Du brauchst ein Bios Update wenn du ein Haswell refresh in einen alten Chipsatz Board einbauen willst.
Da der Rechner mit der neuen CPU aber nicht startet brauchst du eine alte CPU um das Board mit dem alten Chipsatz zu flashen. Also sehr umständlich.
Daher immer den neuen Chipsatz kaufen wenn du auch die neueste CPU kaufst.


----------



## belle (29. August 2014)

Wenn du schon ein Z87-Board hast und mit einem BIOS-Update versehen willst, kannst du das gerne tun.
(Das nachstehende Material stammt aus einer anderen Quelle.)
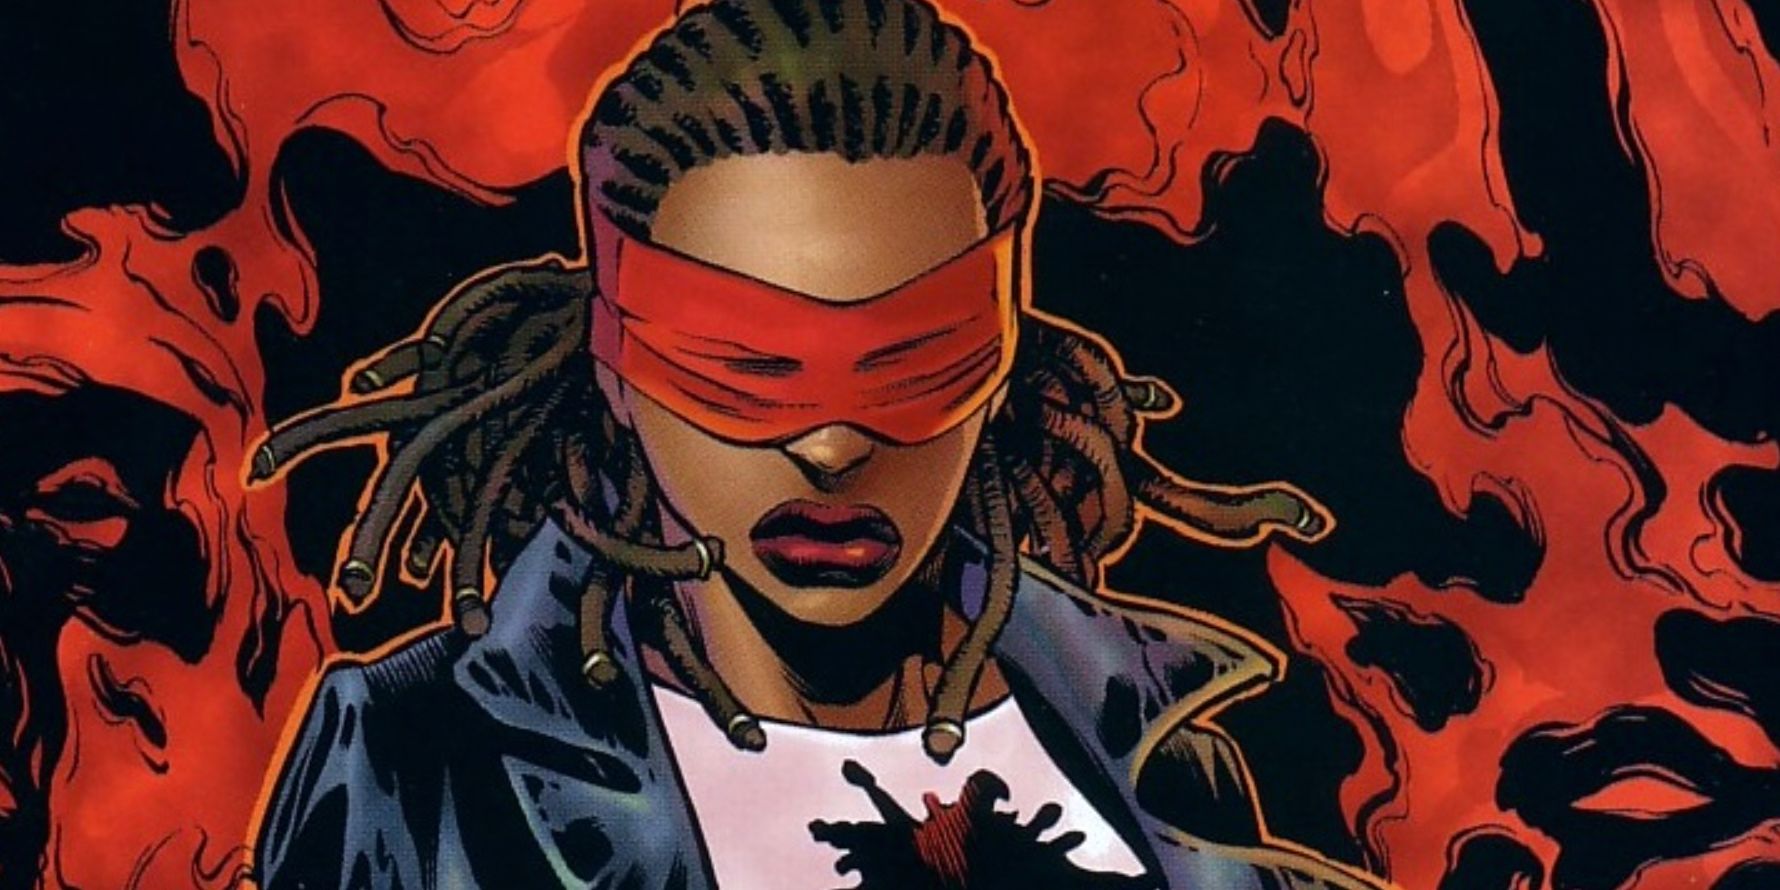 Jill Carlyle wearing a red eye mask as the Crimson Avenger in DC Comics
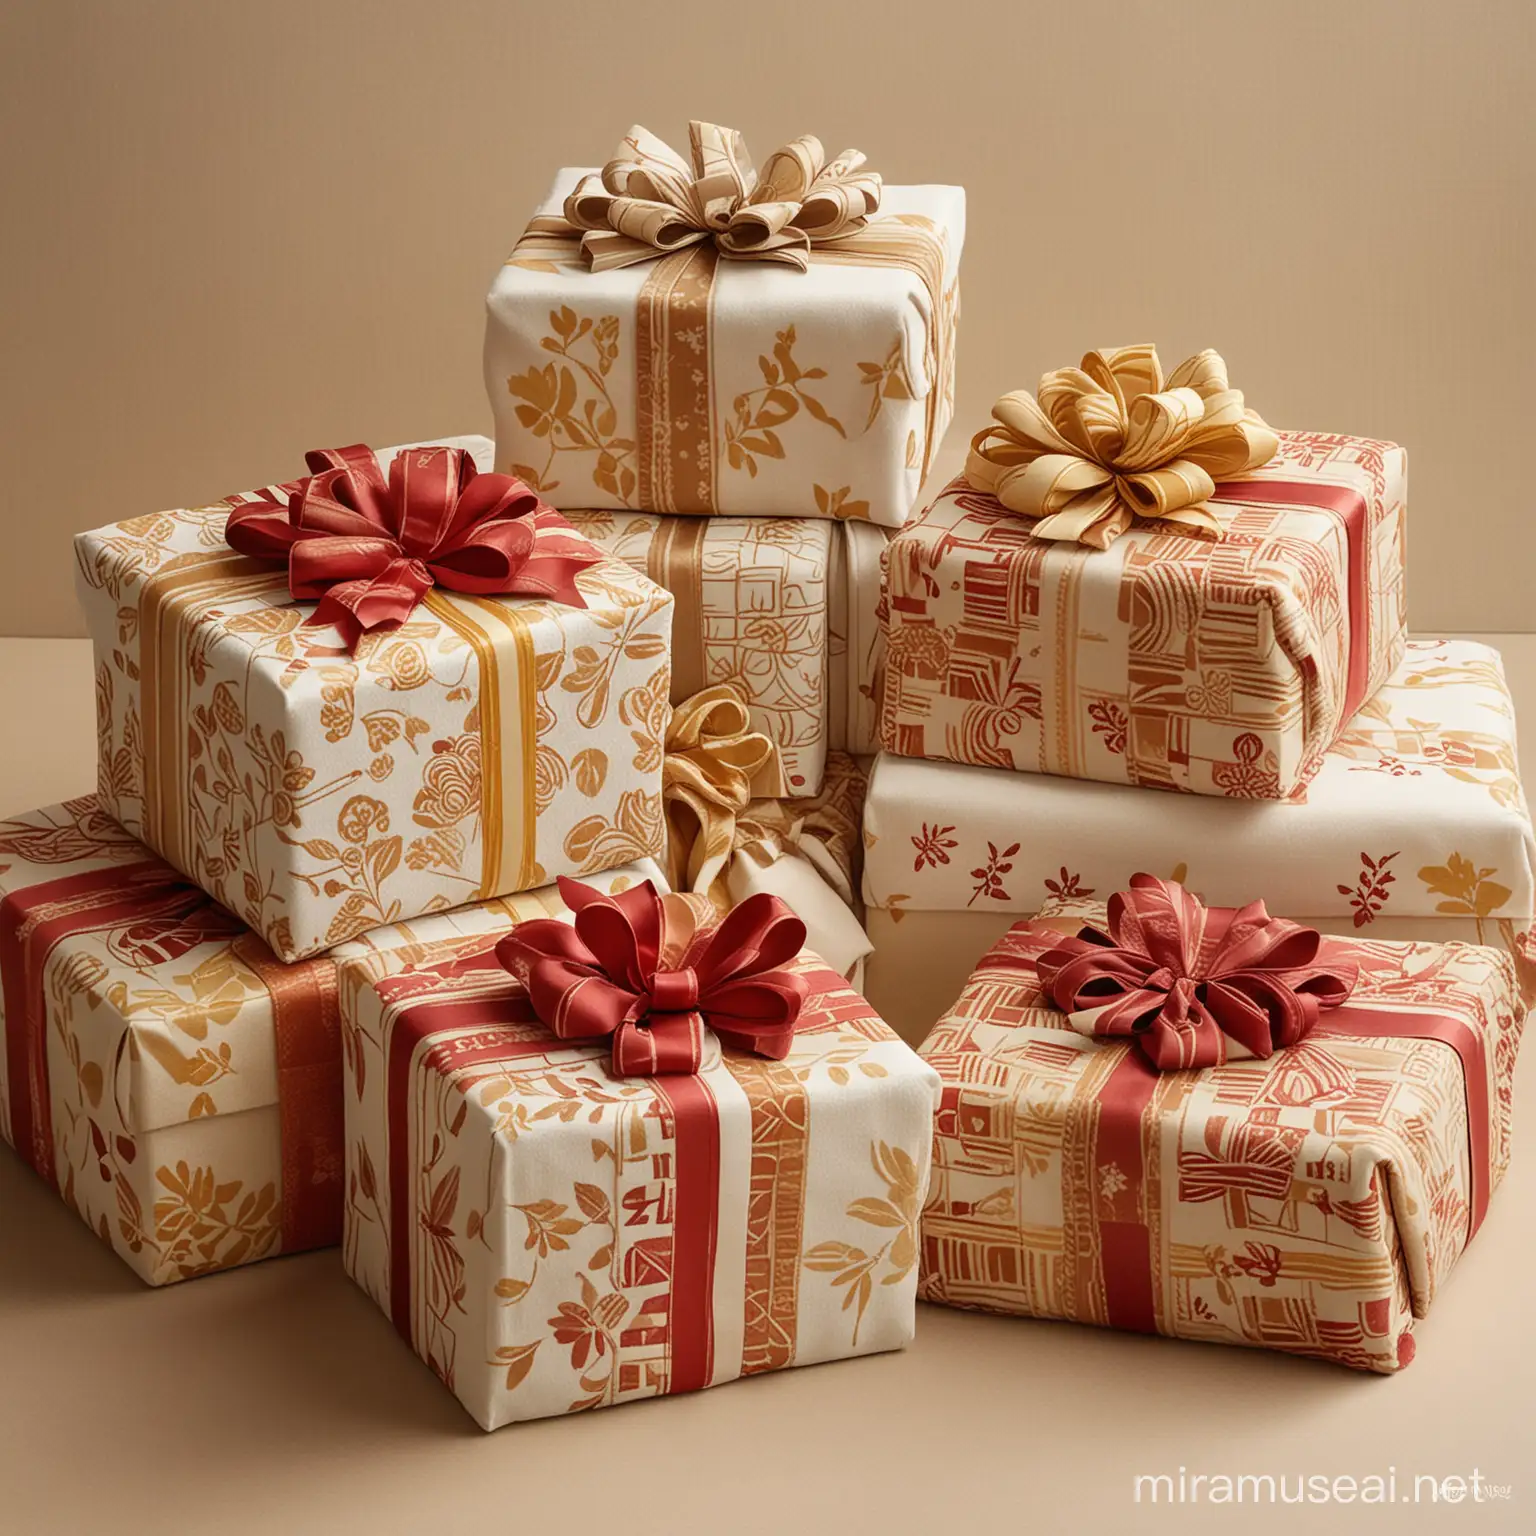 Create a painting featuring a combination of gift boxes adorned with bows and stacks of towels and blankets. The background should be light and beige. The gift boxes themselves should have Turkish ornamentation wrapping paper, with patterns in shades of brown, brownish-red, and yellow, and each box should be topped with a bow. Include both the gift boxes and the stacks of towels and blankets to create an engaging composition.

Meines Wissens nach sind diese beiden Features abseits der CPU-Unterstützung ab Werk der einzige Unterschied:
-Intel device protection with boot guard technology
-Intel Rapid Storage technology

Wenn du neu kaufst, dann natürlich, wie bereits gesagt, direkt Z97 kaufen.


----------



## Threshold (29. August 2014)

Lugior schrieb:


> Gibt es einen guten Grund von Z87 auf Z97 zu welchseln?


 
Um die Frage noch mal zu beantworten:
Nein. Gibt es nicht.


----------



## Stefan Payne (29. August 2014)

Nujo, m.2 gäbs als Grund, abseits dessen aber echt keinen wirklich nicht.


----------



## Westcoast (29. August 2014)

von Z87 auf Z97 umzusteigen ist sinnlos. sogar von Z77 auf Z97 merkt man so gut wie nichts.


----------



## ich111 (29. August 2014)

Stefan Payne schrieb:


> Nujo, m.2 gäbs als Grund, abseits dessen aber echt keinen wirklich nicht.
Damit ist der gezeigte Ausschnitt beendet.